State v. Napier, 149 N.C. App. 462, 463-64, 560 S.E.2d 867, 868 (2002). Thus, if “a requested instruction is correct in law and supported by the evidence, the court . . . must charge the jury in substantial conformity to the prayer.” State v. Herring, 322 N.C. 733, 742, 370 S.E.2d 363, 369 (1988).
    In the instant case, the State asked the trial court to modify the North Carolina Pattern Jury Instructions (NCPI) Criminal 104.41, on constructive possession, by including specific mention of certain evidentiary features that could be considered in the jury's determination of the issue of constructive possession. Accordingly, at the prosecutor's request, the trial court added to NCPI 104.41 an instruction to the jury that they could consider the following considerations in deciding whether defendant constructively possessed the gun found under his seat:        1. Whether the defendant exercised physical control over where the contraband or article was located; 2. Whether the defendant spoke to others in an authoritative manner regarding permission to enter the area where the contraband was located; 3. Whether, when others were present, did the officer deal with and speak exclusively with the defendant about the searching of the area with no objection by the defendant; 4. Whether the defendant acted in an authoritative manner regarding the property to be searched such as having or retaining keys; 5. Whether the location in which the contraband was located was within the control of the defendant.

“Where an instruction is requested by a party and the instruction is supported by the evidence and is a correct statement of the law, it is error for the trial court not to instruct in substantial conformity with the requested instruction.” State v. Singletary, 344 N.C. 95, 106, 472 S.E.2d 895, 902 (1996).
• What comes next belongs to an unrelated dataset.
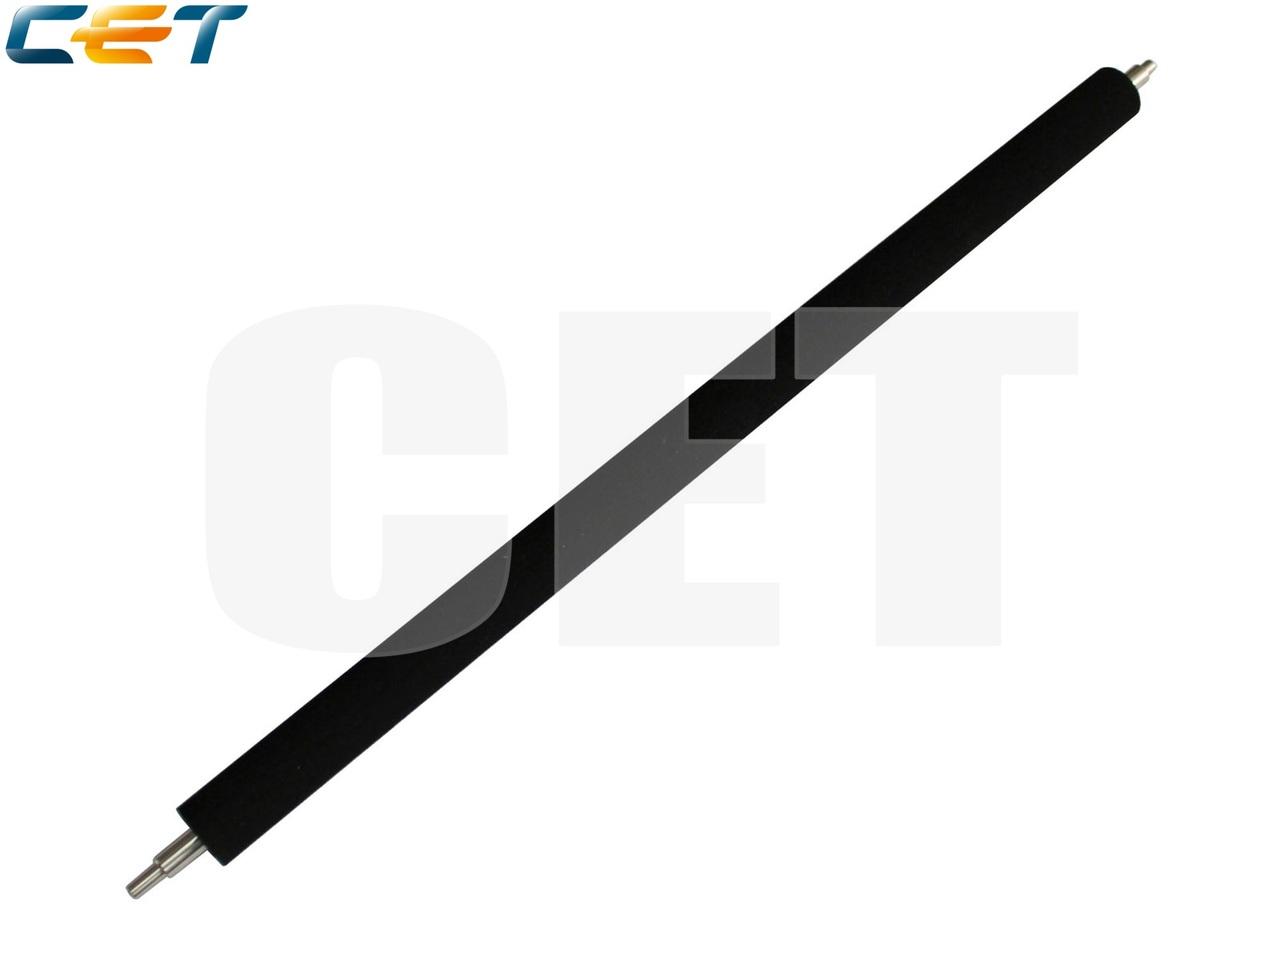 Ролик переноса FC9-0693-000 для CANON iR ADVANCE4025/4035/4045/4051/4225/4235/4245/4251 (CET), CET6584

    In the instant case, the first two considerations included in the instructions to the jury are supported by the holding in State v. Thorpe, 326 N.C. 451, 390 S.E.2d 311 (1990); the third by State v. Davis, 325 N.C. 693, 386 S.E.2d 187 (1989); the fourth by State v. Brown, 310 N.C. 563, 313 S.E.2d 585 (1984); and the fifth by State v. Harvey, 281 N.C. 1, 187 S.E.2d 706 (1972). These considerations are, in turn, implicated by the evidence presented in this case. We conclude that the proffered instruction was “supported by the evidence and is a correct statement of the law,”Singletary, and thus that the trial court did not err in its instruction to the jury on constructive possession. This assignment of error is overruled.
    For the reasons discussed above, we conclude that the defendant had a fair trial, free of prejudicial error.
    No error.
    Judge GEER concurs.
    Judge THORNBURG concurred prior to December 31, 2004.
    Report per Rule 30(e).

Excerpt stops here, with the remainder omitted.